Since there are obvious associations between unemployment/poverty and crime, civil unrest, and poor health, a global recession is likely to be to some extent a personal existential risk to those living in the United States or countries that have trade links with the United States.
I notice that the markets do not seem to be anticipating a bad outcome. But I heard one analyst advance the theory that investors simply don't believe the government can (his words) "be that stupid". I imagine there is more than a touch of availability bias as well-- breaching the debt ceiling might, even for fund managers who harbor no illusions about the wisdom of politicians, be up there with science-fictional scenarios like asteroid impact, peak oil, grey goo, global warming, and terrorist attacks. Moreover, there may be a dangerous feedback loop as the politicians in turn watch the stock indexes and conclude that "the market says there is nothing to worry about".

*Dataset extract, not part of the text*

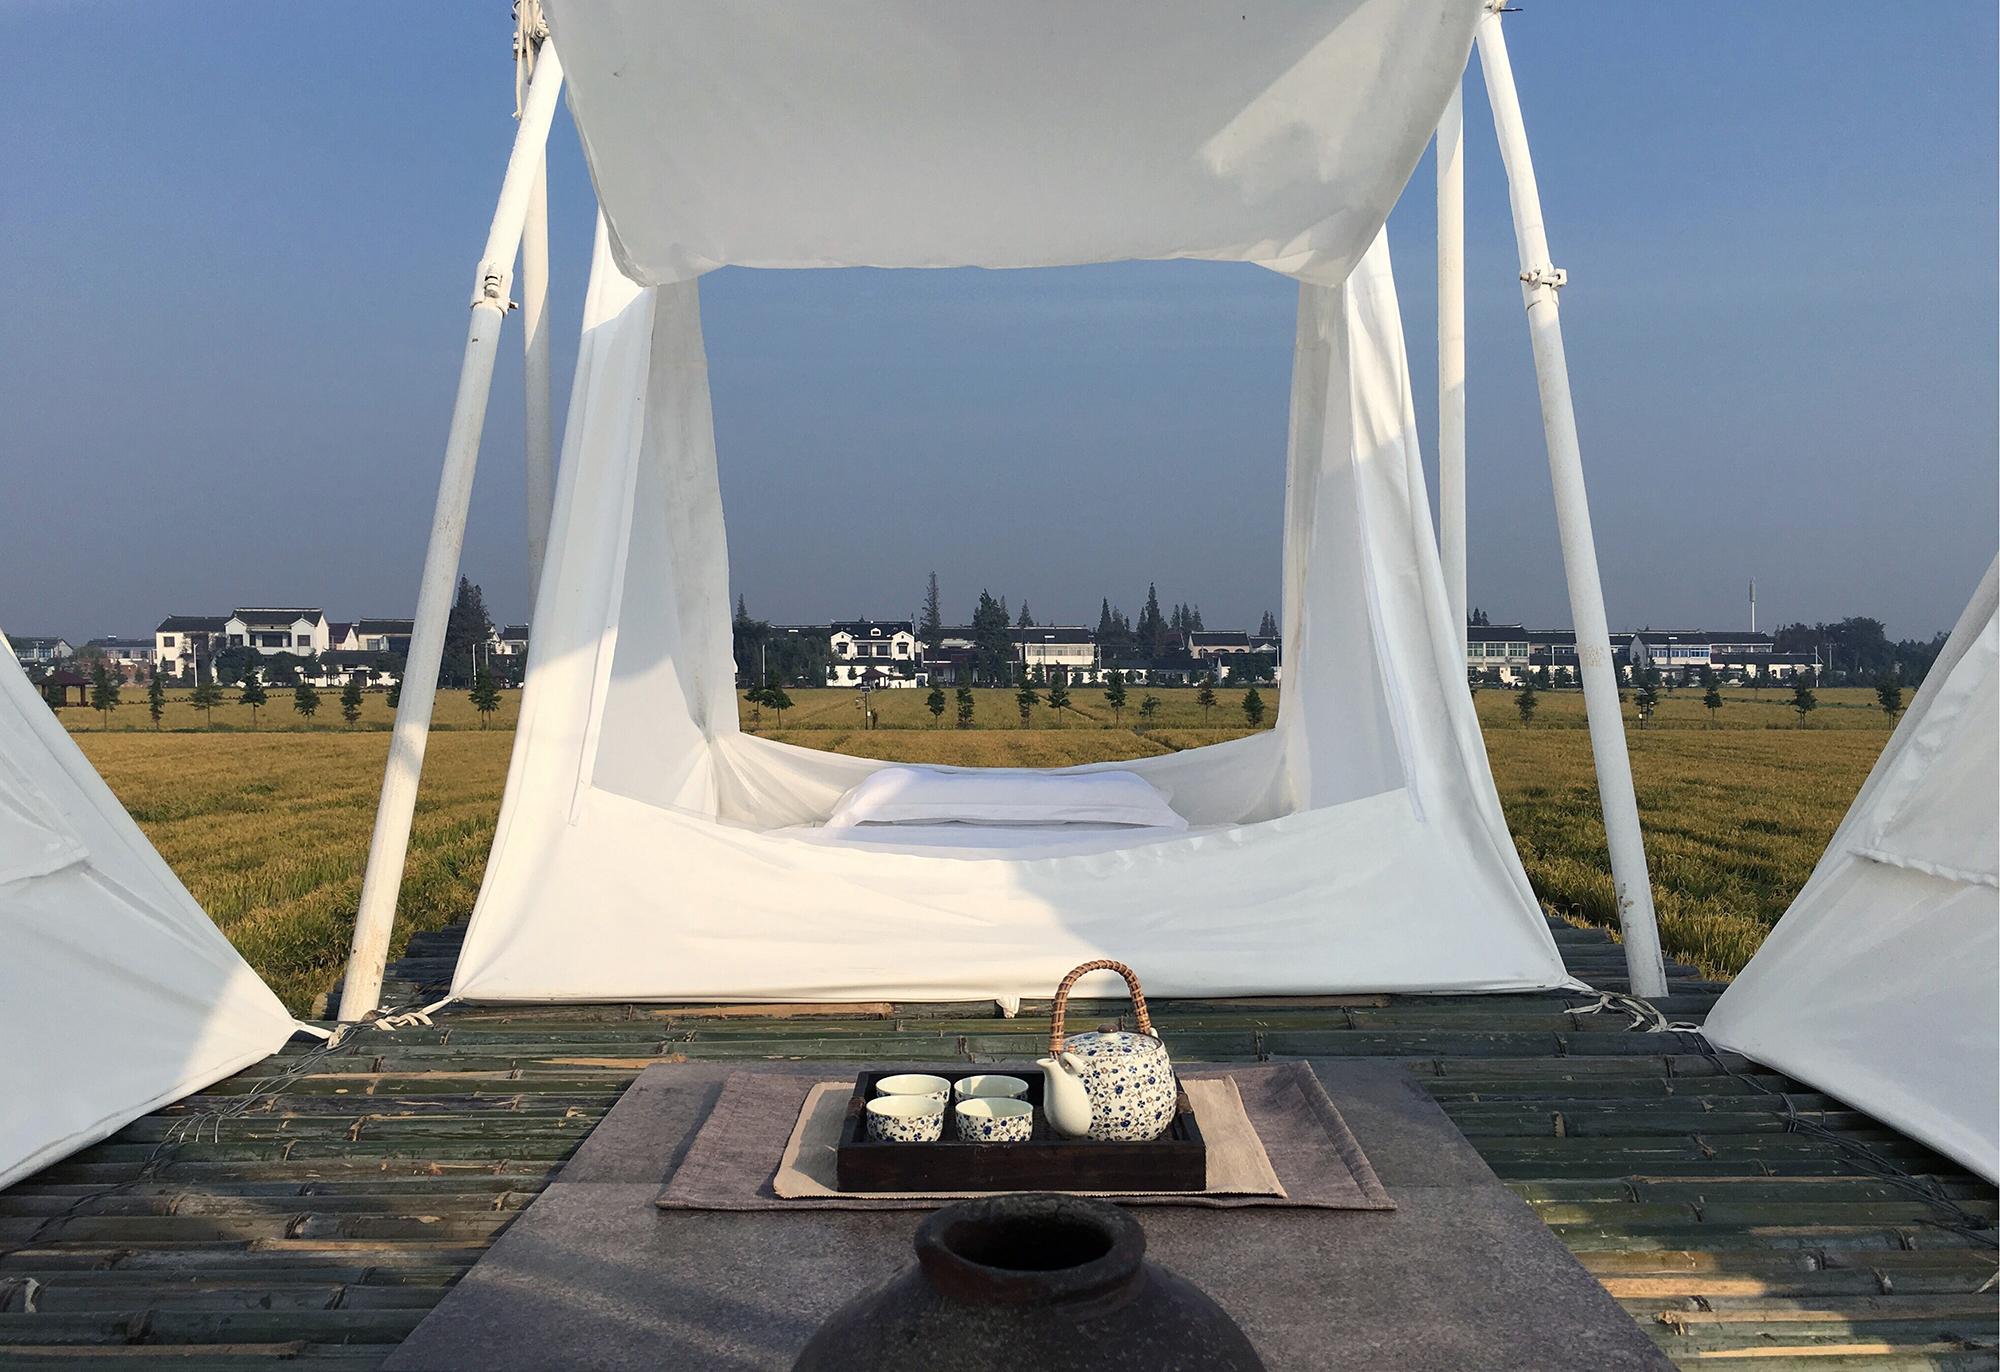 G-稻田与漂浮的庇护所 (6)

So, I would like to hear what folks who are making contingency plans are doing. Especially people who have training or experience in economics and finance. What do you think the closest parallels in 20th/21st century history are for what the worst case scenario for a US government default would be like? Is there anything you would have done differently if you had known the date for the start of the 2008 recession with a +/- 2 week confidence interval, starting in two days? Or, if you did call it ahead of time, what are you glad you did?
Okay, so I'll try to learn from recent previous experience and not flame.
Deep breath.
Very partial list of how population growth can bring down Europe, the Americas, China, and everyplace else:
Waves of refugees straining the local infrastructure past the breaking point.
Demand for petroleum rising faster than the rate of new oil reserves being discovered and faster than alternative technologies can be developed and brought to market on a sufficient scale.
Ditto for accessible deposits of some metals.
Pollution.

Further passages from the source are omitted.